SAN FRANCISCO — A reinsurer argues in a Jan. 3 reply that the Ninth Circuit U.S. Court of Appeals should reverse an order denying its motion to intervene in a dispute over a $3.2 million judgment and remand to allow the reinsurer to proceed with its claims against another reinsurer, which is the judgment creditor (Odyssey Reinsurance Co. v. Richard Keith Nagby, et al. v. Knight Insurance Company Ltd., Nos. 19-55346, 19-55347, 19-55423, 9th Cir.).
HARRISBURG, Pa. — Following an affirmance by the Third Circuit U.S. Court of Appeals, an insurer in a Dec. 23 brief asks a Pennsylvania federal judge to lift a stay regarding an order compelling the insurer and its reinsurer to arbitrate their dispute over lead paint losses (Pennsylvania National Mutual Casualty Insurance Co. v.
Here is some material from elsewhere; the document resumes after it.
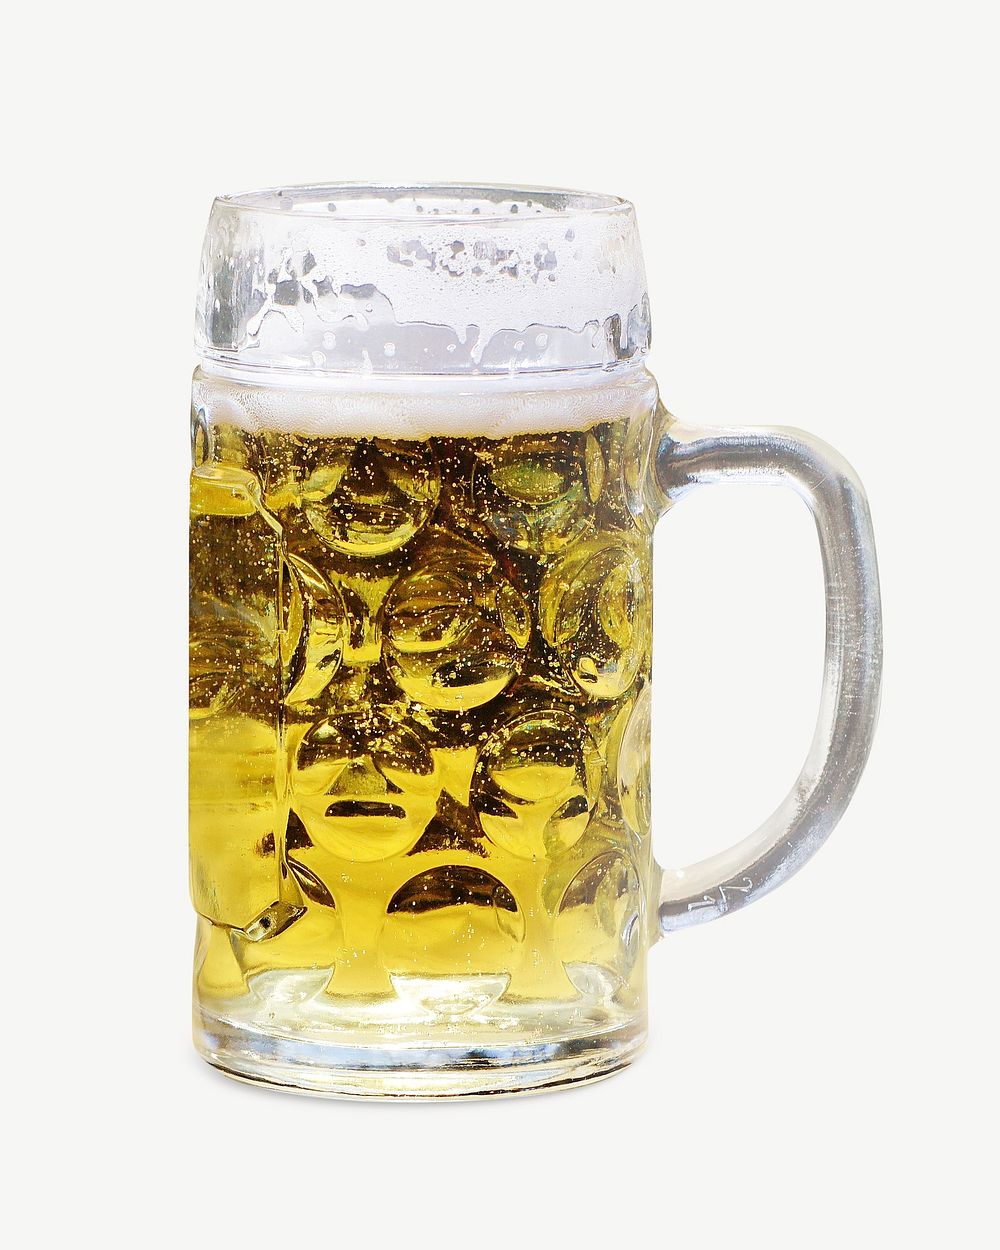 Beer mug collage element psd

Everest Reinsurance Co., No. 18-mc-653, M.D. Pa.).
JASPER, Ala. — Citing no subject matter jurisdiction, an insurer in a Dec. 27 motion asks an Alabama federal court to dismiss a former female prison inmate’s claim seeking a declaratory judgment as a judgment creditor of the insurer’s rights under reinsurance agreements in her lawsuit alleging sexual misconduct in a jail (Jessica Rainer v. J.C. Poe Jr., et al., No. 19-1392, N.D. Ala.).
JASPER, Ala. — The city of Jasper and employees on Dec. 19 moved for judgment on the pleadings in two Alabama federal court cases, which also name their insurer, over allegations by former jail inmates of sexual misconduct in a jail because the city’s civil service board is “not legally cognizable nor endowed with the ability to sue or be sued” (Whitley Goodson v. J.C. Poe, Jr., et al., No. 19-1399, Charity Tessener v. J.C. Poe, Jr., et al., No. 19-01314, N.D. Ala.).
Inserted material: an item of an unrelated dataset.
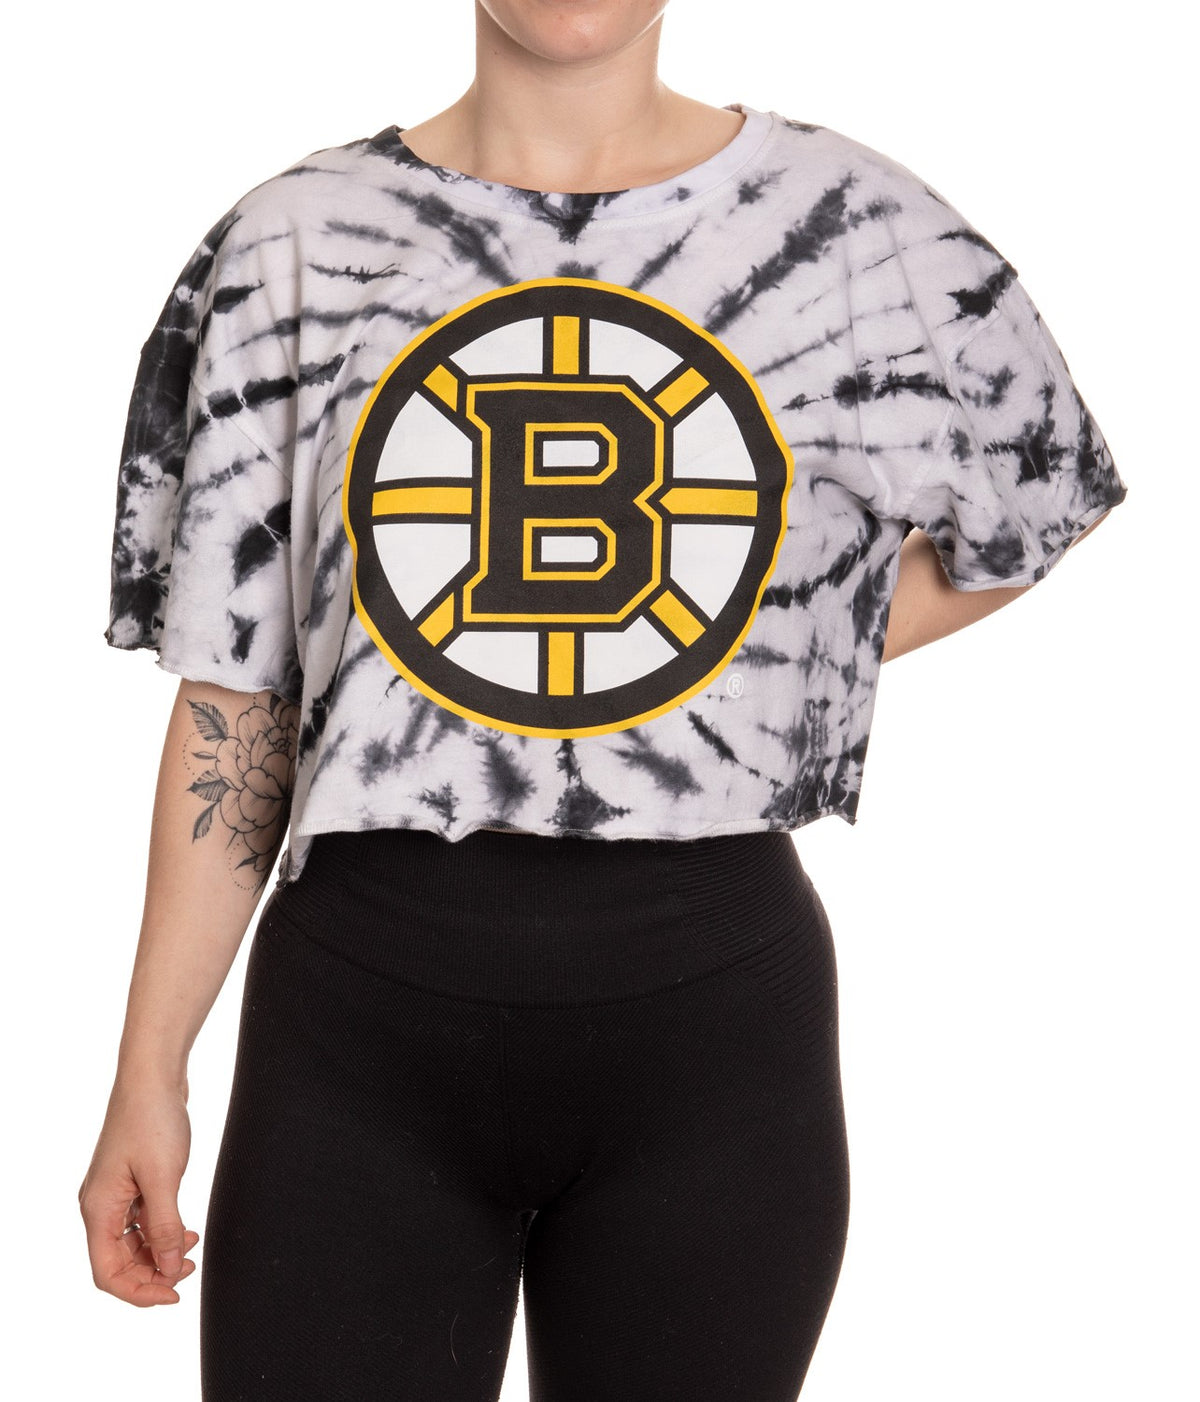 Boston Bruins Spiral Tie Dye Crop Top Front View

SAN JUAN, Puerto Rico — An insolvent insurer’s liquidator in a Dec. 21 motion asks that a Puerto Rico federal judge alter or amend his ruling to stay arbitration proceedings in a case over $150 million in losses from two hurricanes against its reinsurers until a stay in the insurer’s liquidation order is lifted (Integrand Assurance Co. v. Everest Reinsurance Co., et al., No. 19-01111, D. Puerto Rico).
NEW YORK — Liquidators of hedge funds argue in a Dec. 16 motion filed in a New York federal court that allegations in two lawsuits involving a runoff insurer that concern a hedge fund scheme and the misuse and mismanagement show that a defendant “is a corporate insider with direct involvement in day-to-day affairs for the purposes of the group pleading doctrine” (In re Platinum-Beechwood Litigation, No. 18-6658, Martin Trott, et al. v. Platinum Management [NY] LLC, et al., No. 18-10936; Melanie L. Cyganowski, et al. v. Beechwood Re Ltd., et al., No. 18-12018, S.D. N.Y.).
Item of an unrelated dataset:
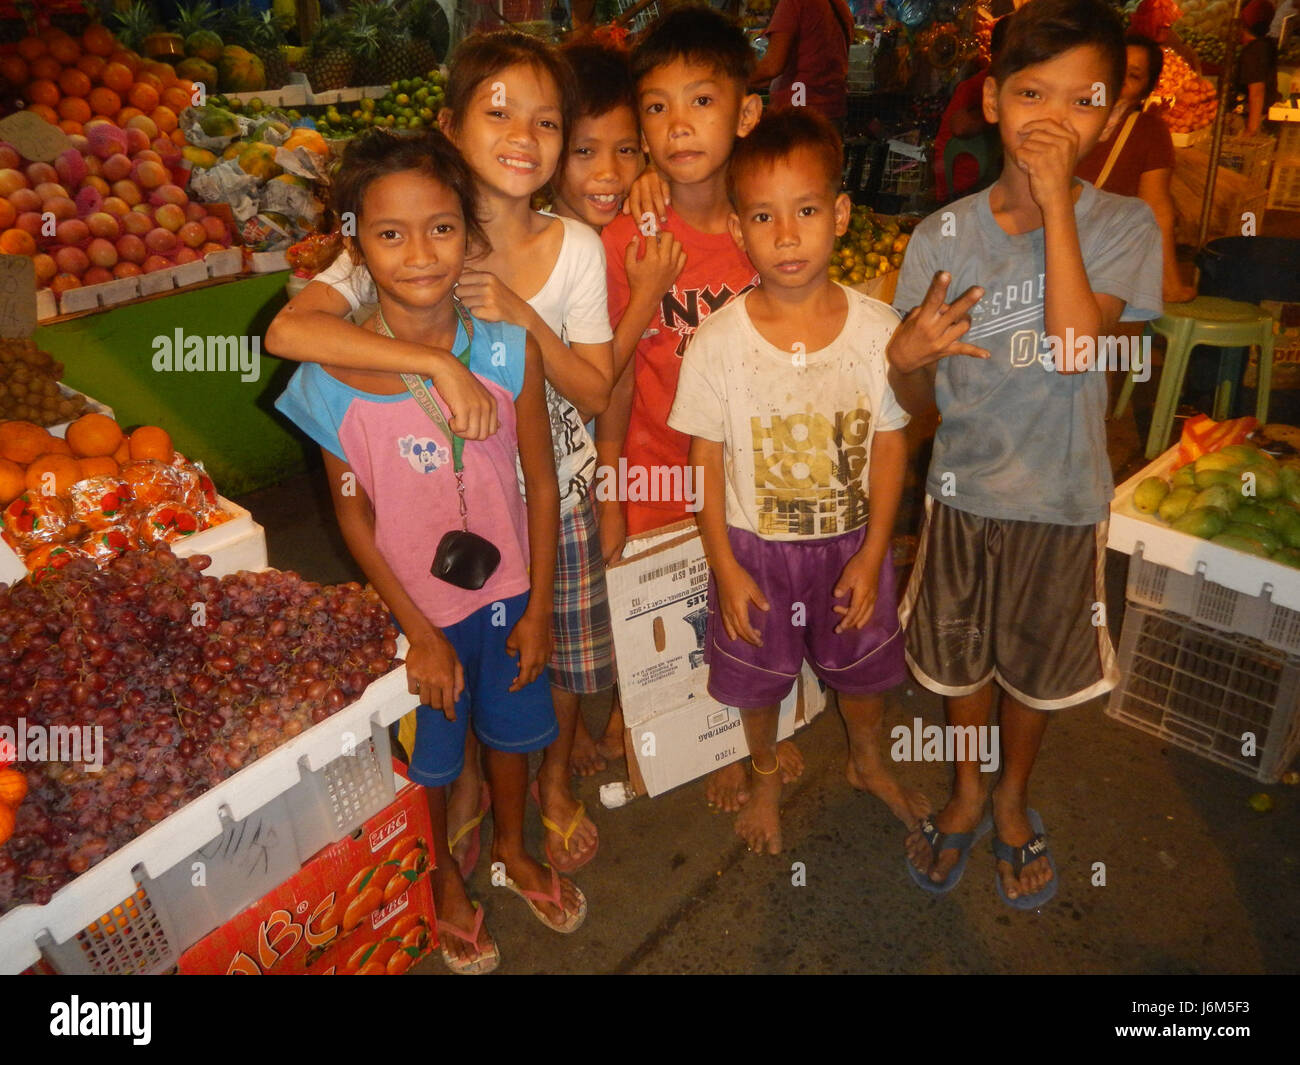 087612 Poblacion, Night Market, Baliuag, Bulacan Stock Photo

CHICAGO — A reinsurer argues in a Dec. 13 brief that an Illinois federal court should not confirm a second award reversing parts of a first award over reinsurance billings for asbestos claims under five out of six contracts but should confirm the first award and part of the second award resolving the dispute under the sixth contract (Allstate Insurance Co. v. Amerisure Mutual Insurance Co., No. 19-4341; Amerisure Mutual Insurance Co. v. Allstate Insurance Co., No. 19-7080, N.D. Ill.).